Install required packages

conda install -c conda-forge nvidia-apex
pip install -r requirements.txt

Download pre-trained BERT models and word2vec models (for data augmentation) :

wget https://snippext.s3.us-east-2.amazonaws.com/finetuned_bert.zip
unzip finetuned_bert.zip
wget https://snippext.s3.us-east-2.amazonaws.com/word2vec.zip
unzip word2vec.zip

Training with the baseline BERT finetuning

The baseline method performs BERT finetuning on a specific task:

CUDA_VISIBLE_DEVICES=0 python train_baseline.py \
  --task restaurant_ae_tagging \
  --logdir results/ \
  --save_model \
  --finetuning \
  --batch_size 32 \
  --lr 5e-5 \
  --n_epochs 20 \
  --bert_path finetuned_bert/rest_model.bin

Parameters:

--task: the name of the task (defined in configs.json)
--logdir: the logging directory with Tensorboard
--save_model: whether to save the best model
--batch_size, --lr, --n_epochs: batch size, learning rate, and the number of epochs
--bert_path (Optional): the path of a fine-tuned BERT checkpoint. Use the base uncased model if not specified.
--max_len (Optional): maximum sequence length

(New) (also in MixDA and MixMatchNL):

--fp16 (Optional): whether to train with fp16 acceleration
--lm (Optional): other language models, e.g., "distilbert" or "albert"

Task Specification

The train/dev/test sets of a task (tagging or span classification) are specificed in the file configs.json. The file configs.json is a list of entries where each one is of the following format:

{
  "name": "hotel_tagging",
  "task_type": "tagging",
  "vocab": [
    "B-AS",
    "I-AS",
    "B-OP",
    "I-OP"
  ],
  "trainset": "combined_data/hotel/train.txt.combined",
  "validset": "combined_data/hotel/dev.txt",
  "testset": "combined_data/hotel/dev.txt",
  "unlabeled": "combined_data/hotel/unlabeled.txt"
},

Fields:

name: the name of the task. A tagging task should end with a suffix _tagging
task_type: either tagging or classification
vocab: the list of class labels. For tagging tasks, all labels start with B- or I- indicating the begin/end of a span. For classification task, the list contains all the possible class labels.
trainset, validset, testset: the paths to the train/dev/test sets
unlabeled (Optional): the path to the unlabeled dataset for semi-supervised learning. The file has same format as the train/test sets but the labels are simply ignored.

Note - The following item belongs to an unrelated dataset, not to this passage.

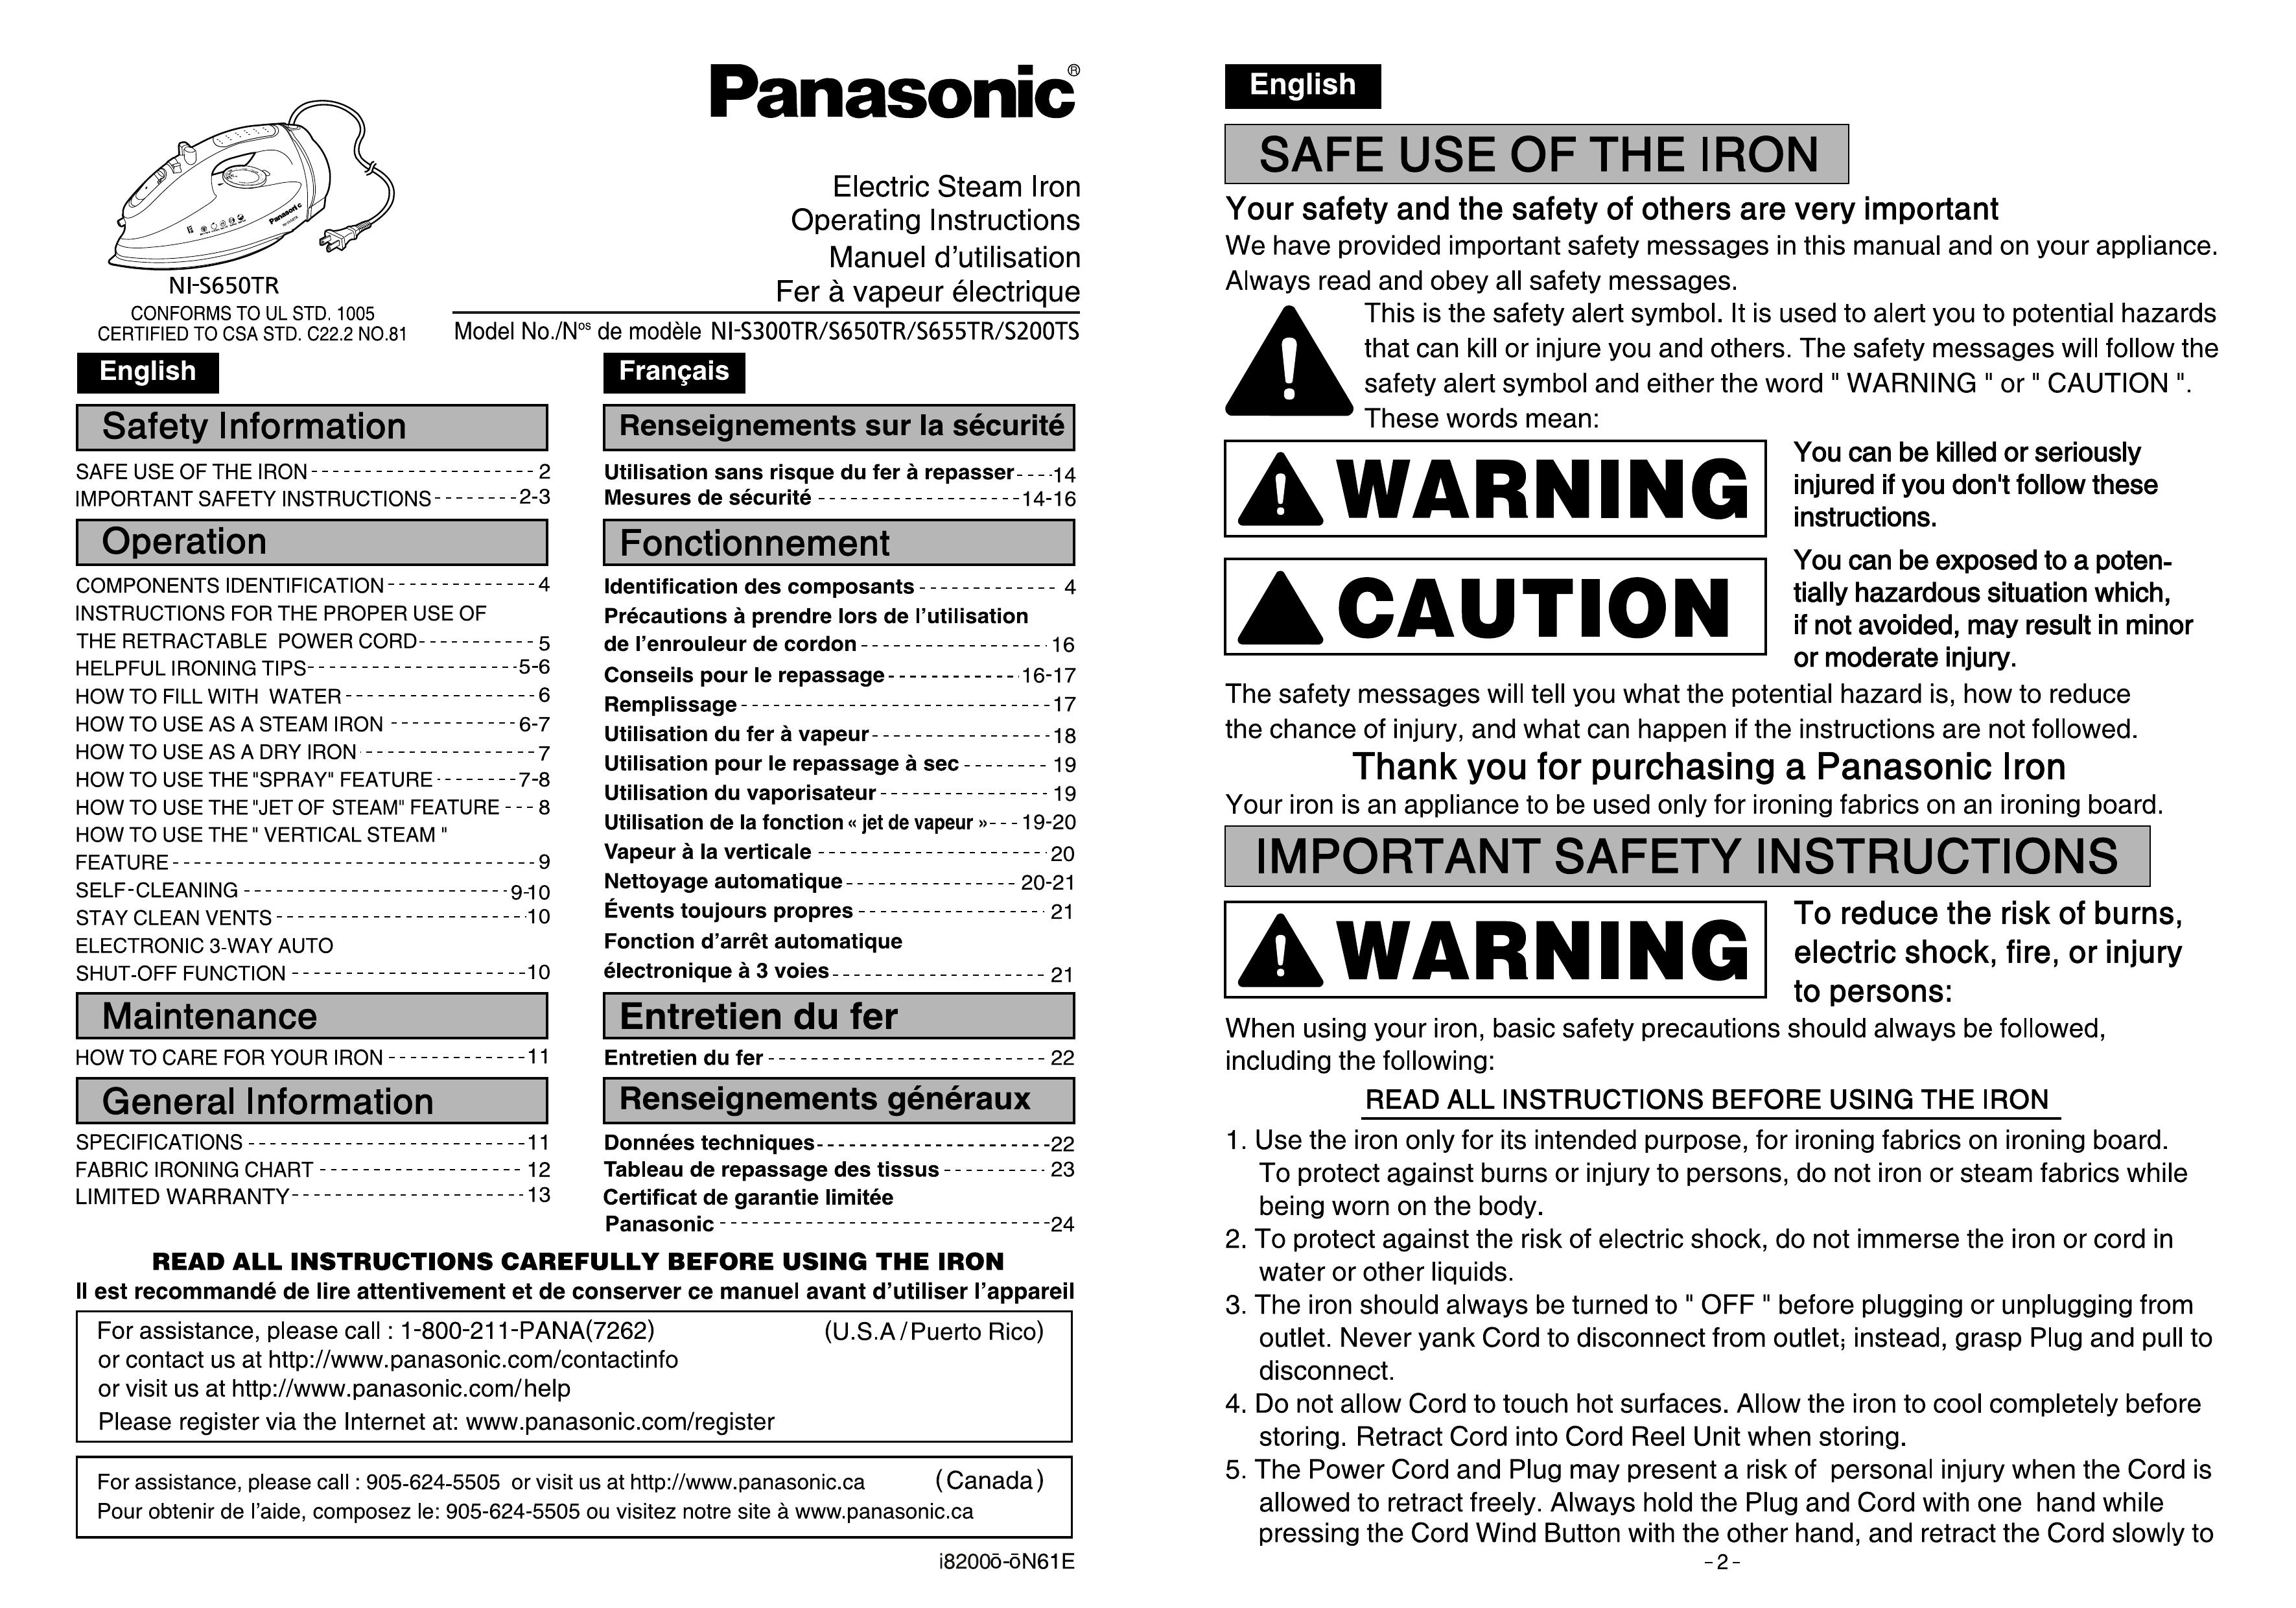 Panasonic NI-S200TS Iron User Manual

Training with MixDA (data augmentation)

Build the augmentation index:

python augment_index_builder.py \
  --task restaurant_ae_tagging \
  --w2v_path word2vec/rest_w2v.model \
  --idf_path word2vec/rest_finetune.txt \
  --bert_path finetuned_bert/rest_model.bin \
  --index_output_path augment/rest_index.json

Simply replace restaurant_ae_tagging with laptop_ae_tagging, restaurant_asc, and laptop_asc to generate the other indices. Replace rest with laptop for the laptop_ae_tagging and laptop_asc indices.

Train with:

CUDA_VISIBLE_DEVICES=0 python train_mixda.py \
  --task restaurant_ae_tagging \
  --logdir results/ \
  --finetuning \
  --batch_size 32 \
  --lr 5e-5 \
  --n_epochs 5 \
  --bert_path finetuned_bert/rest_model.bin \
  --alpha_aug 0.8 \
  --augment_index augment/rest_index.json \
  --augment_op token_repl_tfidf \
  --run_id 0

Parameters:

alpha_aug: the mixup parameter between the original example and the augmented example ({0.2, 0.5, 0.8} are usually good).
augment_index: the path to the augmentation indices
augment_op: the name of the DA operators. We currently support the following 9 operators:

Operators	Details
token_del_tfidf	Token deletion by importance (measured by TF-IDF)
token_del	Token deletion (uniform)
token_repl_tfidf	Token replacement by importance
token_repl	Token replacement (uniform)
token_swap	Swapping two tokens
token_ins	Inserting new tokens
span_sim	Replacing a span with similar a one
span_freq	Replacing a span by frequency
span	Uniform span replacement

Training with MixMatchNL (MixDA + Semi-supervised Learning)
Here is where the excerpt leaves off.